Depression can be an incredibly powerful force. It has the ability to reshape our lives, often with devastating impact. It twist and distorts our view. It limits what it allows us to see, showing us only the bad and the negative possibilities. It contradicts every positive thought and then shames us for even having entertained that thought.
In other words, depression lies. It tells us we aren’t worthy or capable or lovable. It tells us we are alone and that even if someone could help, they won’t because we don’t deserve it.
I have a wonderful client. A smart, charming, beautiful young woman that has been fighting with depression for a long time. Recently she shared a poem she wrote in 8th grade. I was so moved by it that I asked if I could share it with others and she generously agreed to allow the world to glimpse inside of her, to witness her struggles.
The poem is very moving and for some it will be very difficult to read. My purpose in sharing it isn’t to make others feel bad. I hope that for those of you that haven’t felt the oppressive weight of depression it might give you some insight. More importantly, I hope those of you that do battle, or have battled, depression will see that you are not alone. The feelings you experience aren’t really about you. They are the feelings that depression pushes on to you. The ones they lie about and tell you are of your own making. Except they aren’t.
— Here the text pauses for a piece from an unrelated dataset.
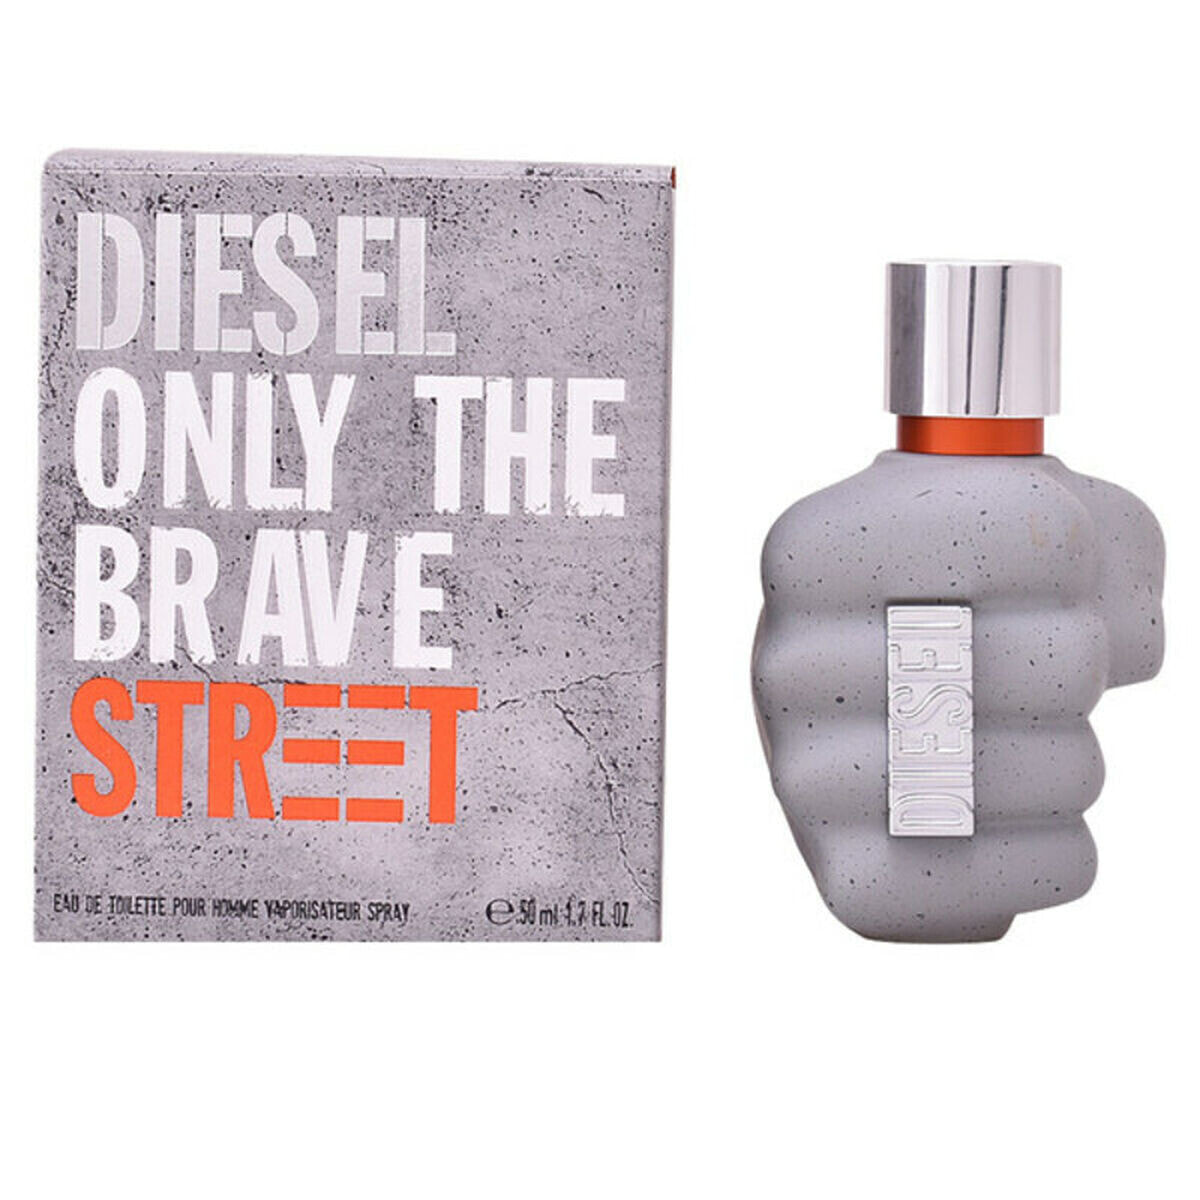 Мужская парфюмерия Diesel Only The Brave Street (50 ml)

As you read this poem I hope you’ll see that the emotions and judgments it contains aren’t, in fact can’t really be true about this young woman. It is the depression lying to her. And then maybe you’ll consider that the way you feel isn’t an accurate reflection of the real you. It is the depression lying to you.
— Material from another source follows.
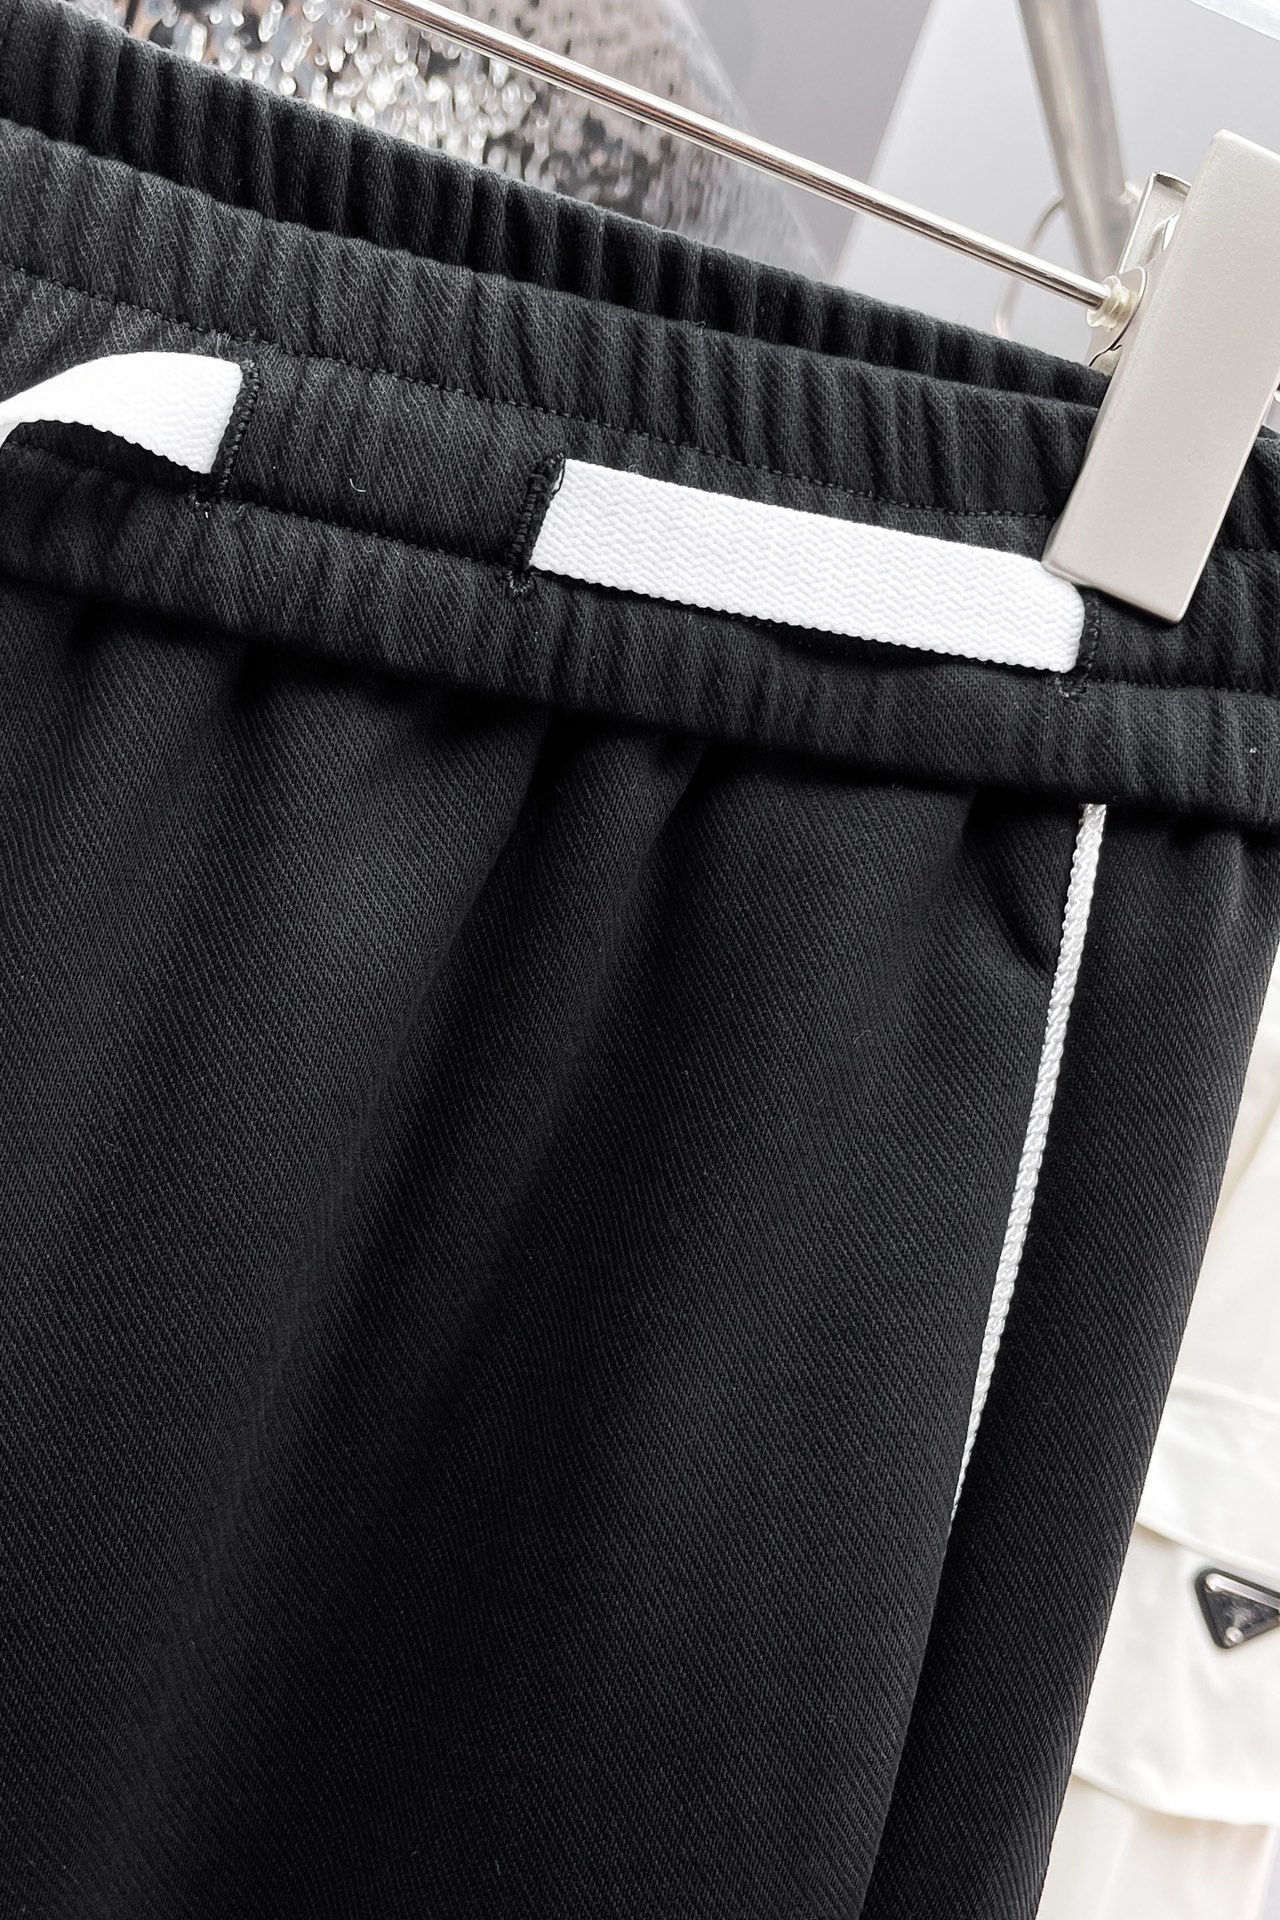 Y32024春季新品休闲裤官网同步发售裤身工艺设计进口客供辅料面料定制代工厂出品免检！每个细节做到极致原

I want to thank my brave, talented client for sharing this with all of us.
Depression is the feeling
When the world is crashing down
You can do nothing to stop it
And you know it is your fault.
Depression is the feeling
When you’d rather give up
Then to make the same mistakes
When you look inside yourself
And you see nothing to love,
You see only things to hate,
The feeling when you know
What you can do to fix it
What you can do to be happy again.
But you don’t, you can’t
You just make the same mistakes again and again
The mistakes that cost you happiness.
When you know that you were happy
But you can’t remember when and
You can’t remember what it feels like.
When you don’t trust yourself
When you shoot yourself down
With your own good intentions
When you know what to fix
You won’t and you don’t.
What to fix, when to fix it, how to fix it and where to fix it
But you stop yourself
You don’t know why.
You put things off
Again and again
You get swept up
You come crashing down
All you want to do
Is go somewhere
Where everyone is happy
Where everyone can do
Whatever they want
You want peace.
You want to sleep
You want to not have to worry ever again.
You won’t do this again
But you do it again, and again, and again
Until you crash
And you could have saved yourself
From the fate ahead of you but you didn’t
The feeling when you brought this all upon yourself
And you can’t change it now.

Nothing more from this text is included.